CVE-2016-3621: Out-of-bounds Read in the bmp2tiff tool
CVE-2016-3622: Divide By Zero in the tiff2rgba tool
CVE-2016-3623, CVE-2016-3624: Divide By Zero in the rgb2ycbcr tool
CVE-2016-3625: Out-of-bounds Read in the tiff2bw tool
CVE-2016-3658, CVE-2014-8127: Illegal read in TIFFWriteDirectoryTagLongLong8Array function in tiffset / tif_dirwrite.c
CVE-2016-5314, CVE-2016-5315, CVE-2016-5316, CVE-2016-5317: PixarLogDecode() out-of-bound writes
CVE-2016-5320, CVE-2016-5875: Out-of-bounds write in PixarLogDecode() function in tif_pixarlog.c
bugzilla suppose that CVE-2016-5320 is a duplicate of CVE-2016-5314 (https://bugs.alpinelinux.org/issues/6661) which was fixed in tiff 4.0.7 (http://bugzilla.maptools.org/show_bug.cgi?id=2554#c1)
CVE-2016-5321: out-of-bounds read in tiffcrop / DumpModeDecode() function
CVE-2016-5323: Divide-by-zero in _TIFFFax3fillruns() function
CVE-2016-5652: tiff2pdf JPEG Compression Tables Heap Buffer Overflow
TODO:
CVE-2016-5318: Memory corruption in _TIFFVGetField (thumbnail)
remains unfixed still (http://bugzilla.maptools.org/show_bug.cgi?id=2561)

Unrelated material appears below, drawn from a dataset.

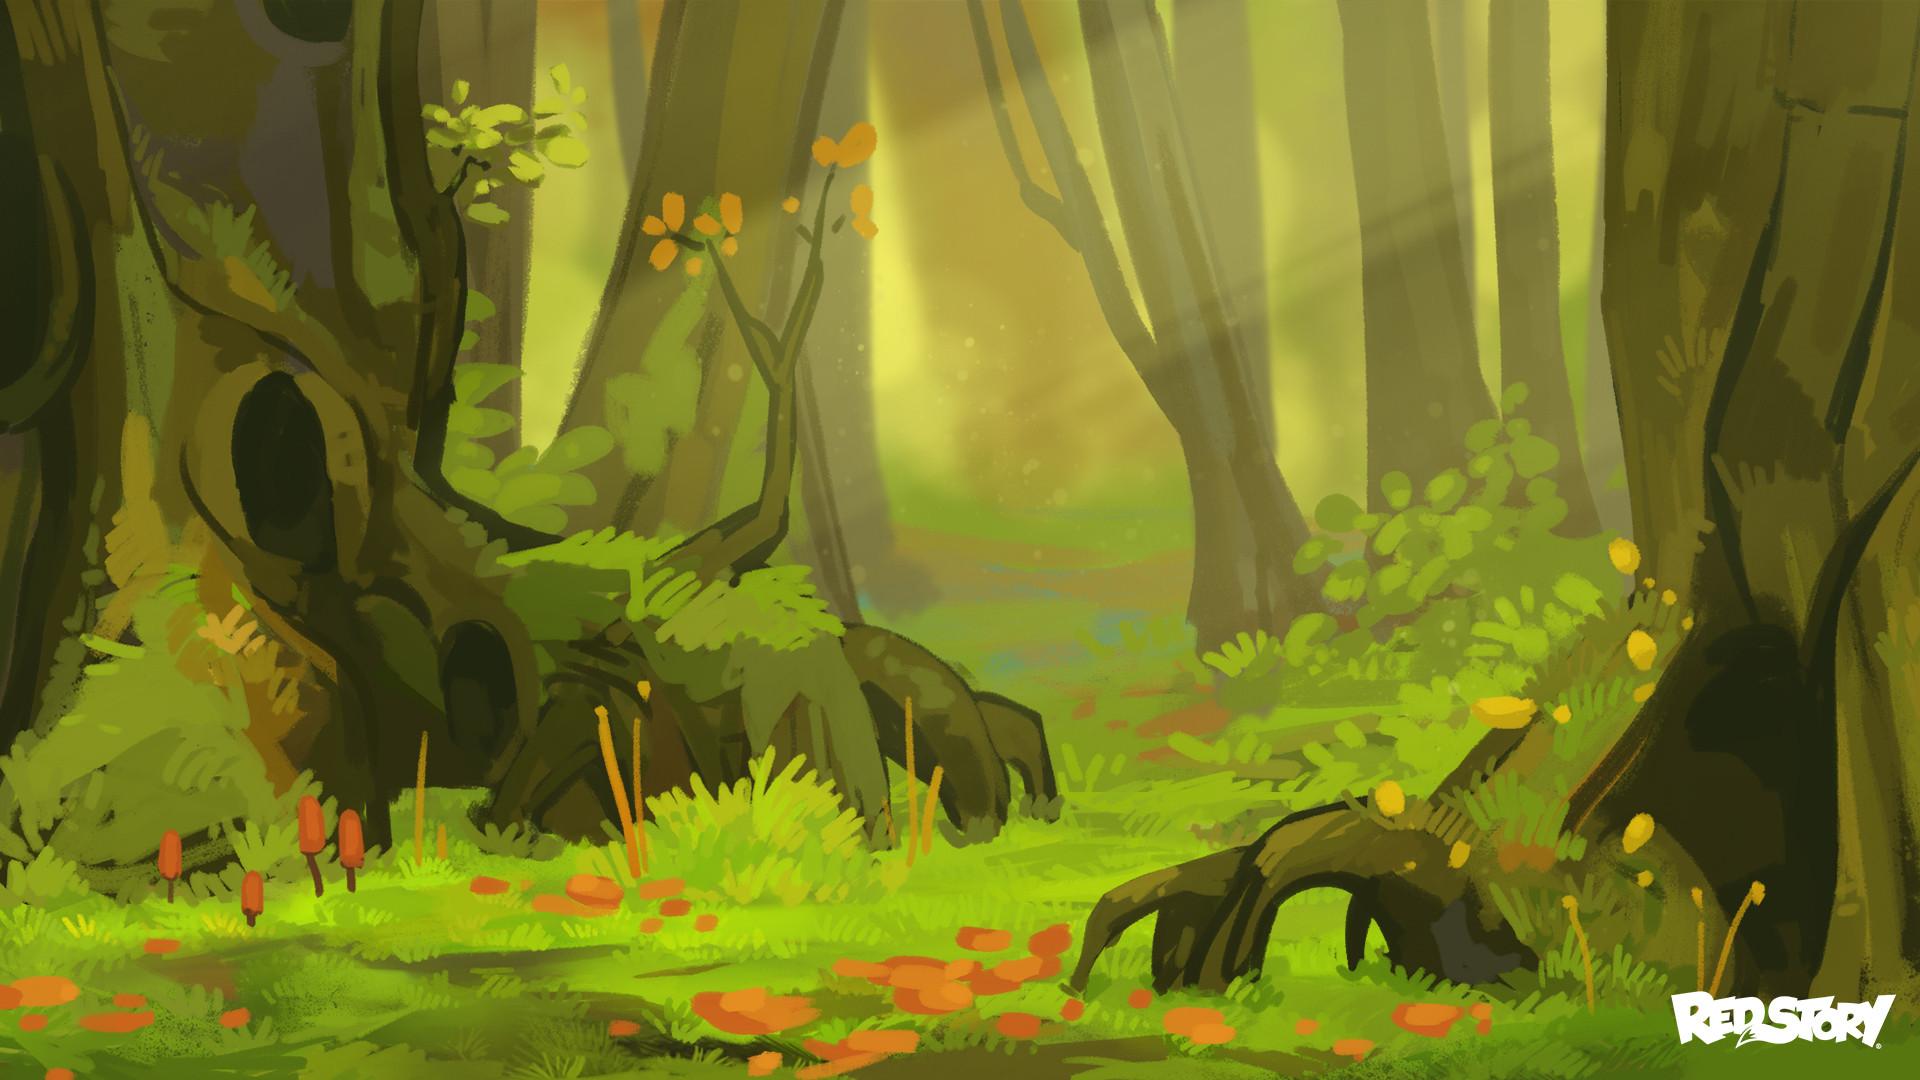 Dylan eurlings rs woods3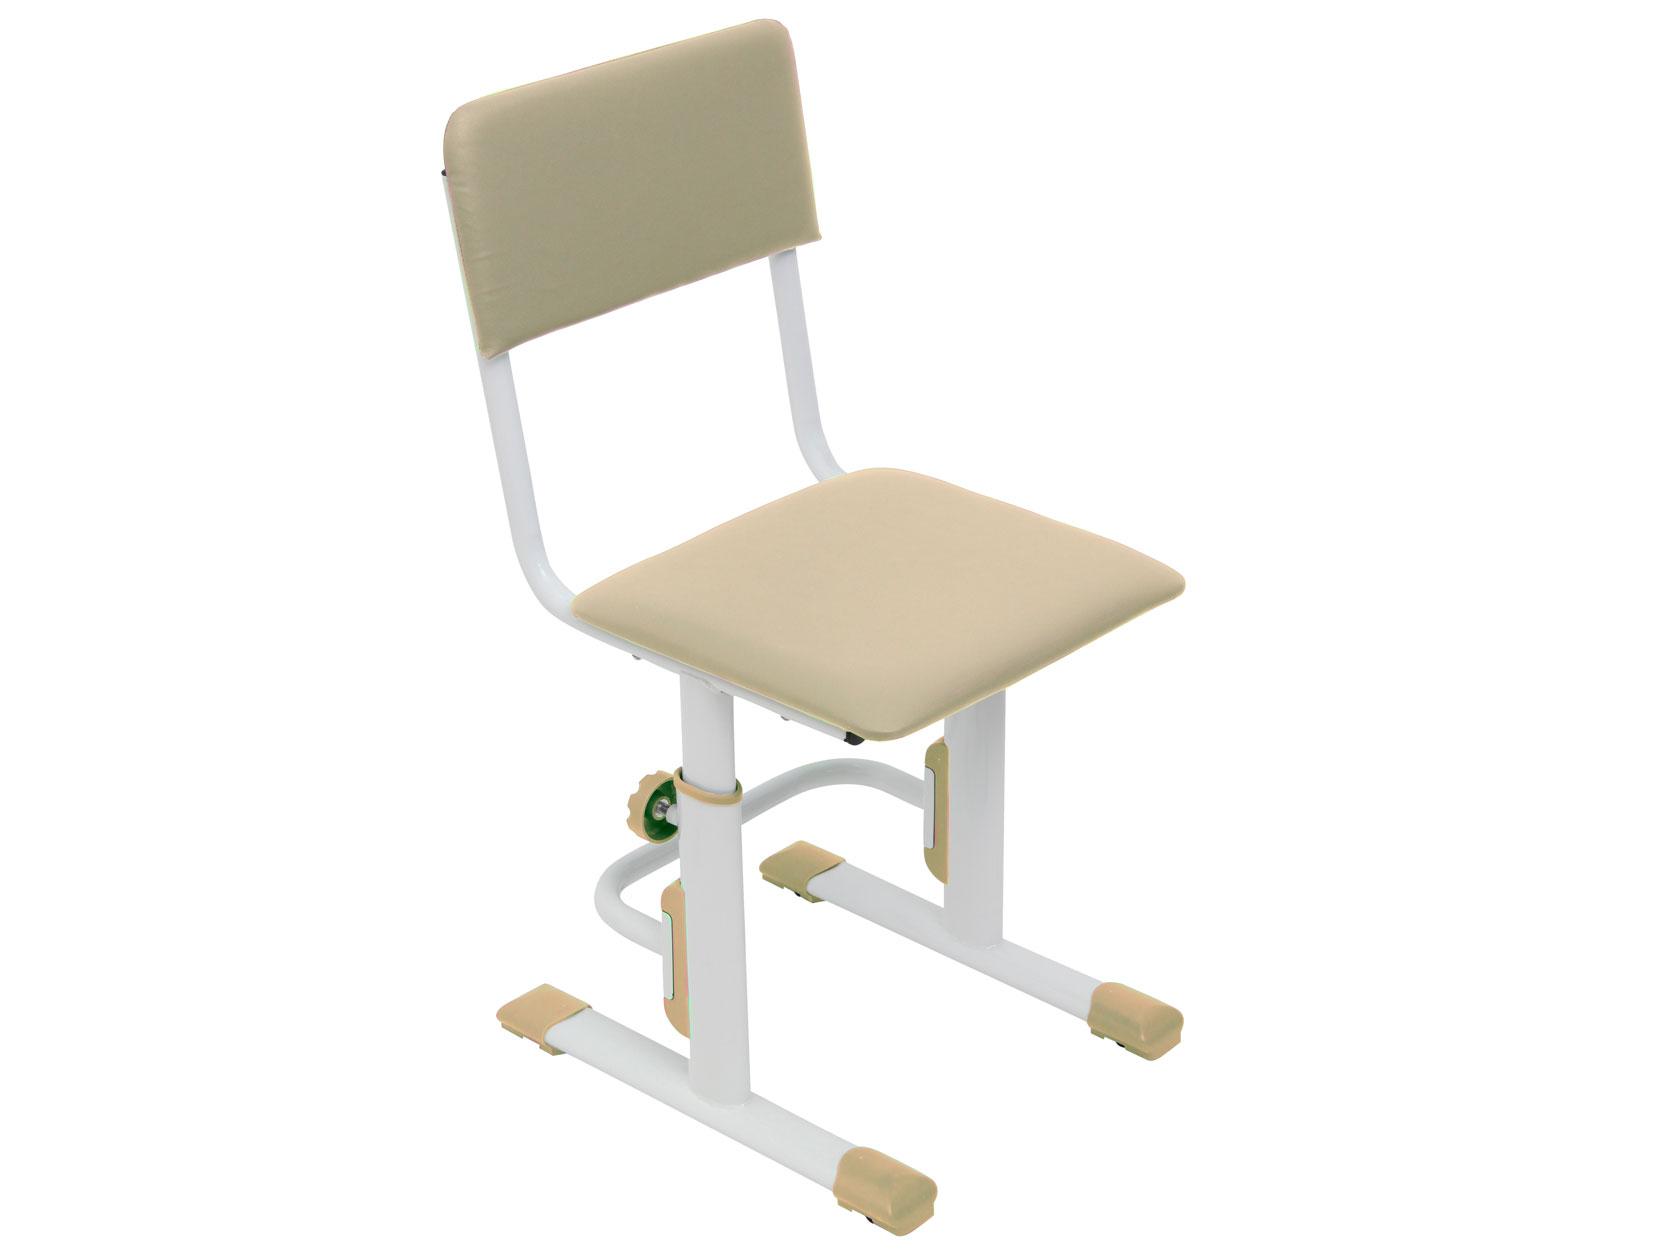 Регулируемый детский стул 109-110576

because of that #6661 could not be marked as fixed
Comments:
4.0.7 contains lots of fixes:
http://libtiff.maptools.org/v4.0.7.html
https://fossies.org/diffs/tiff/4.0.6_vs_4.0.7/ChangeLog-diff.html
There is only one major change mentioned: The libtiff tools bmp2tiff, gif2tiff, ras2tiff, sgi2tiff, sgisv, and ycbcr are completely removed from the distribution. These tools were written in the late 1980s and early 1990s for test and demonstration purposes. In some cases the tools were never updated to support updates to the file format, or the file formats are now rarely used. In all cases these tools increased the libtiff security and maintenance exposure beyond the value offered by the tool.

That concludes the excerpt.